Practical Applications
Immediate Applications
The following items can be deployed now to improve evaluation, safety, and day-to-day use of code LLMs by exploiting the paper’s findings on identifier leakage, semantics-preserving obfuscation, and pre/post-obfuscation deltas.
Industry and DevTools
- ClassEval-Obf–backed model evaluation and selection (software, AI/devtools)
- Use ClassEval-Obf and the paper’s obfuscation harness to add a “Name-Robustness Score” (Δ pre/post obfuscation) in CI/CD for candidate models and model updates.

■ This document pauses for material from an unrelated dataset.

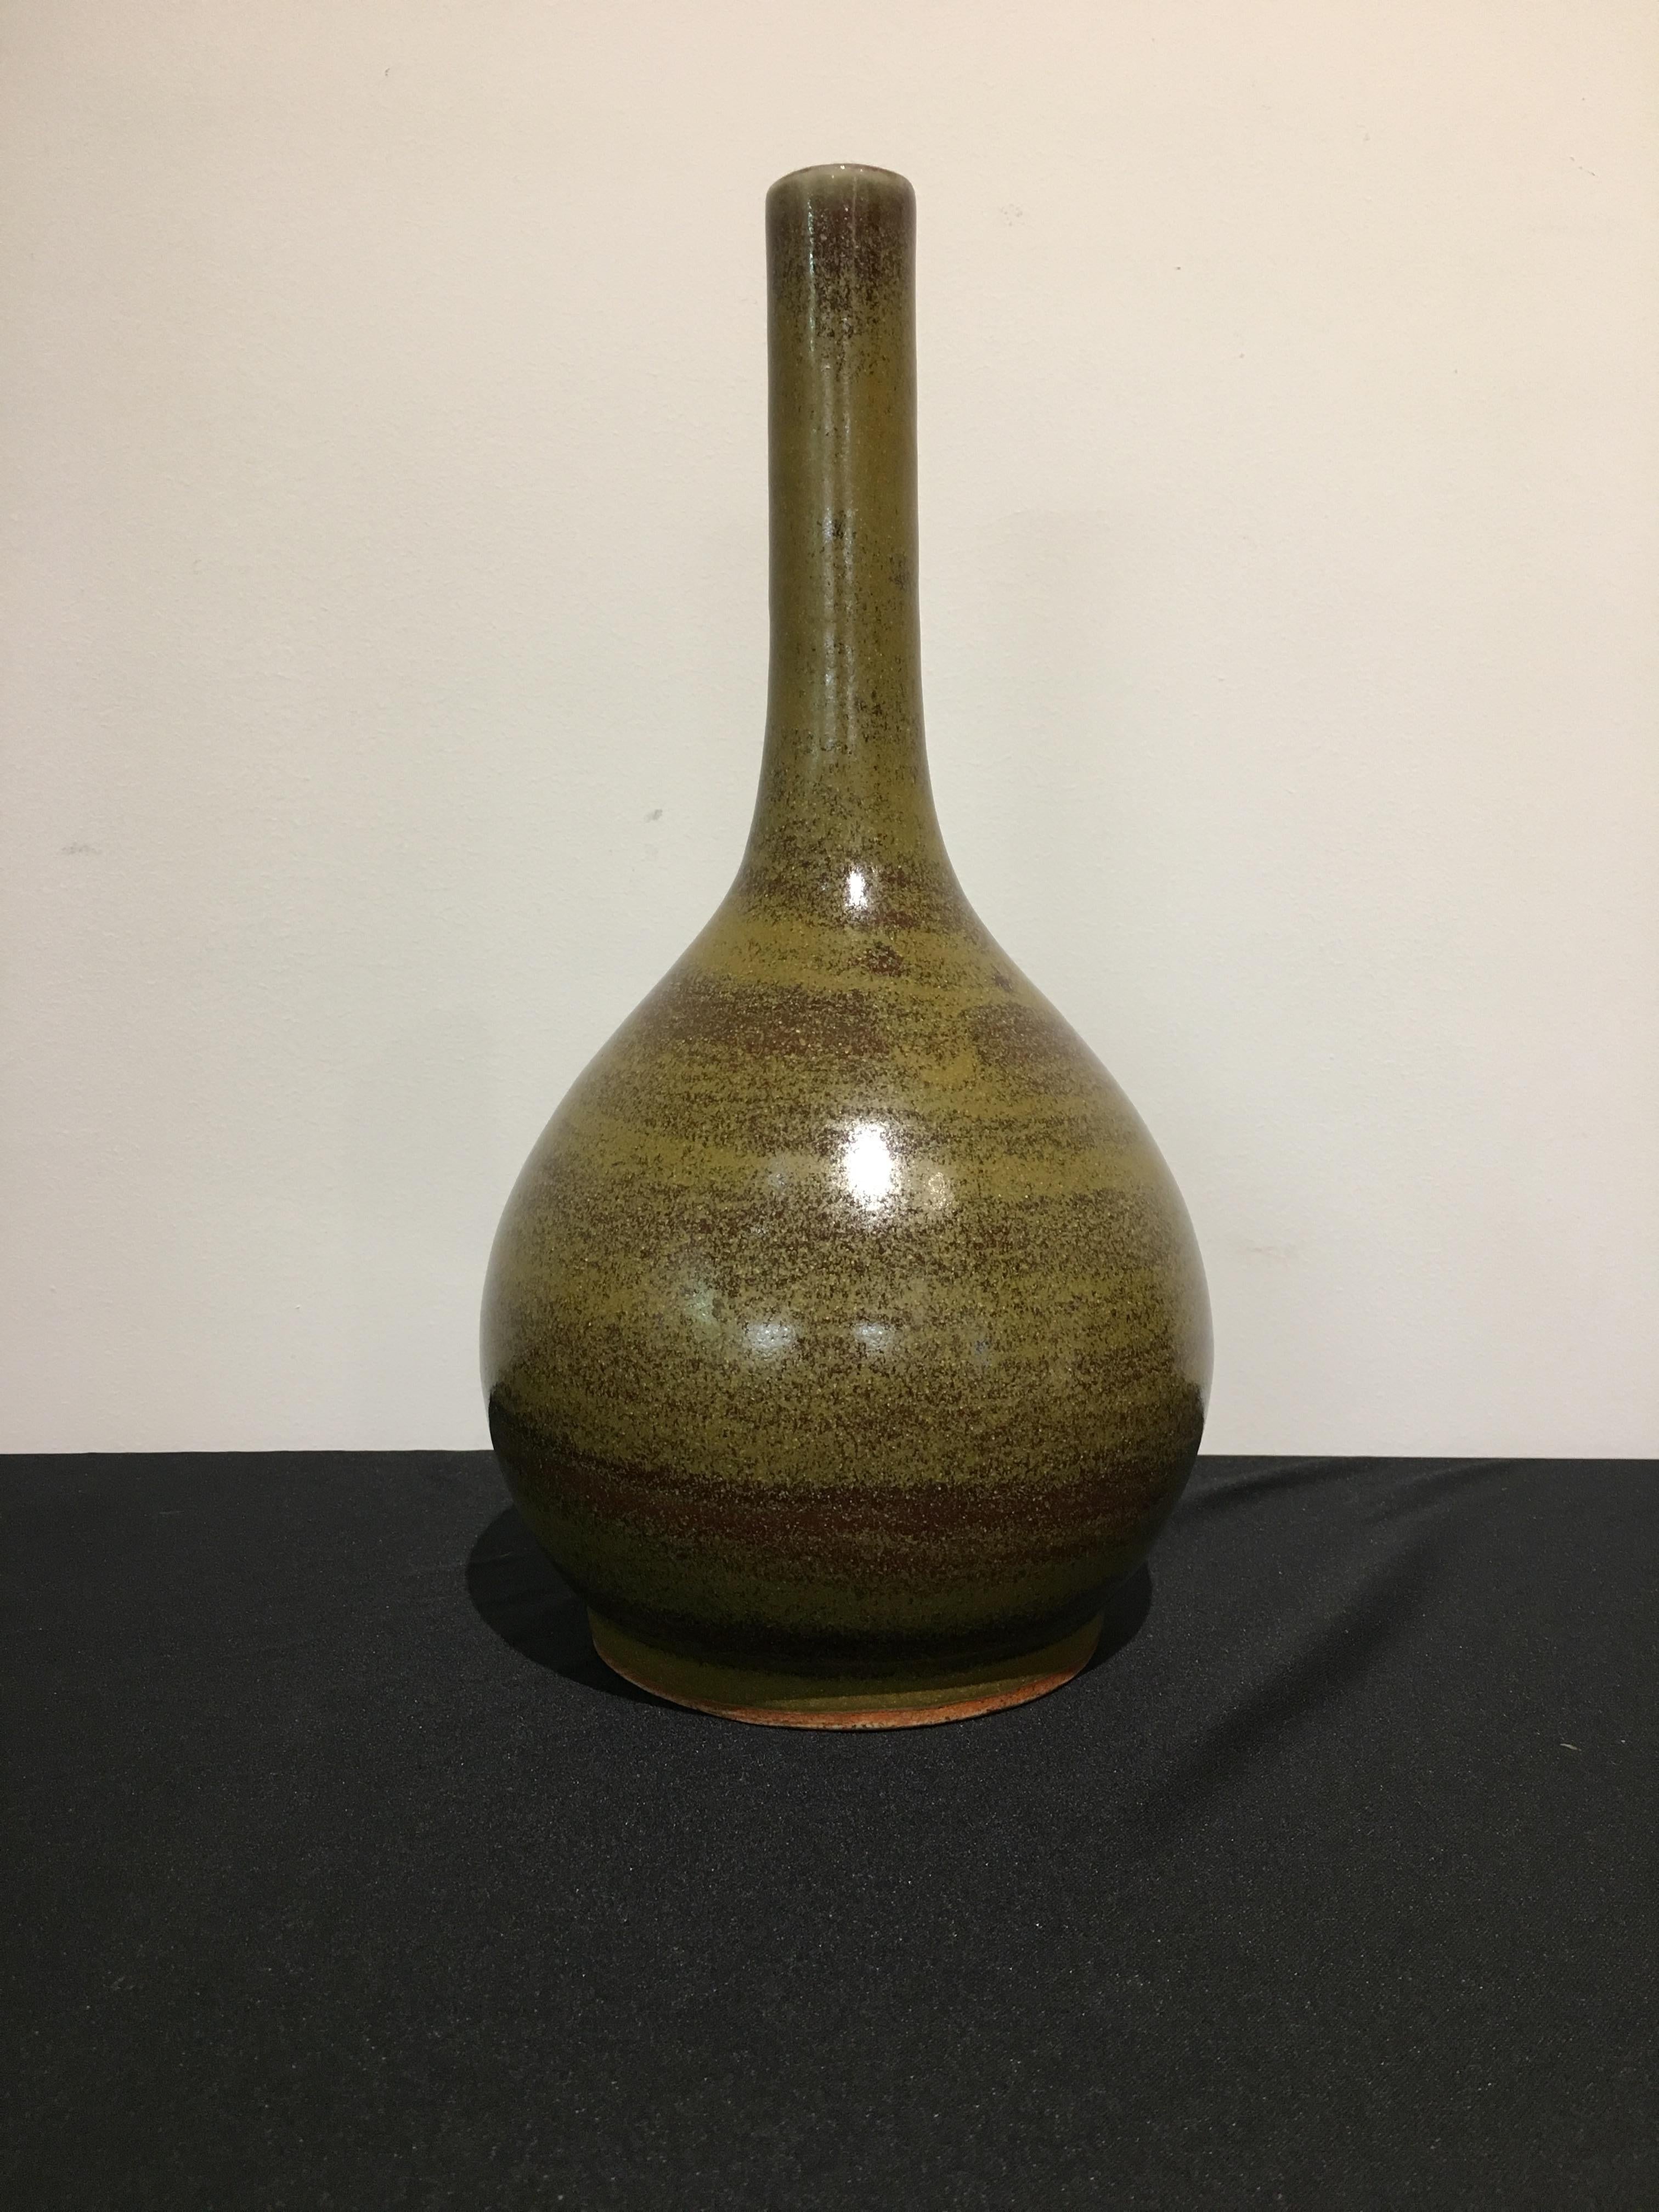 Erhabene und sinnliche chinesische Porzellan-Stielhalsvase mit seltener Aalhautglasur, Qing-Dynastie, 18. Jahrhundert, China. 

Die Vase ist stark getöpfert, mit einem kurzen, vertieften Fuß, der einen runden Körper und einen langen, stabförmigen

- Workflow: nightly or pre-release eval job runs benchmarks on original vs obfuscated code and gates promotion if Δ exceeds a threshold.
- Dependencies: semantics-preserving renamers for target languages; unit tests or IO oracles to verify invariance; compute budget for dual runs.
- IDE extension for “Identifier Randomizer” and “Prompt Hardening” (software, security/privacy)
- One-click toggle to obfuscate identifiers before sending code to cloud LLMs, and to locally test whether the assistant’s suggestions/summaries degrade under obfuscation.
- Tools: VS Code/IntelliJ plugins that implement alpha-renaming and “misleading/cross-domain” variants.
- Dependencies: capture-avoiding renaming (no collisions), reversible mapping for developer readability, safeguards for reflection/metaprogramming.
- Procurement rubric for LLMs with pre/post-obfuscation reporting (software procurement, enterprise IT)
- Require vendors to report: (i) Δ on execution tasks, (ii) Δ on summarization tasks, (iii) memorization stress-test results with input augmentation.
- Outputs: standardized “robustness appendix” in RFP responses; internal scorecards.
- Assumptions: vendor cooperation; reproducible harness; agreed thresholds per task.
- Training data curation to reduce IP leakage and shortcut learning (software, privacy/compliance)
- Preprocess internal corpora with semantics-preserving obfuscation to de-emphasize name cues and lower leakage risk when fine-tuning in-house models.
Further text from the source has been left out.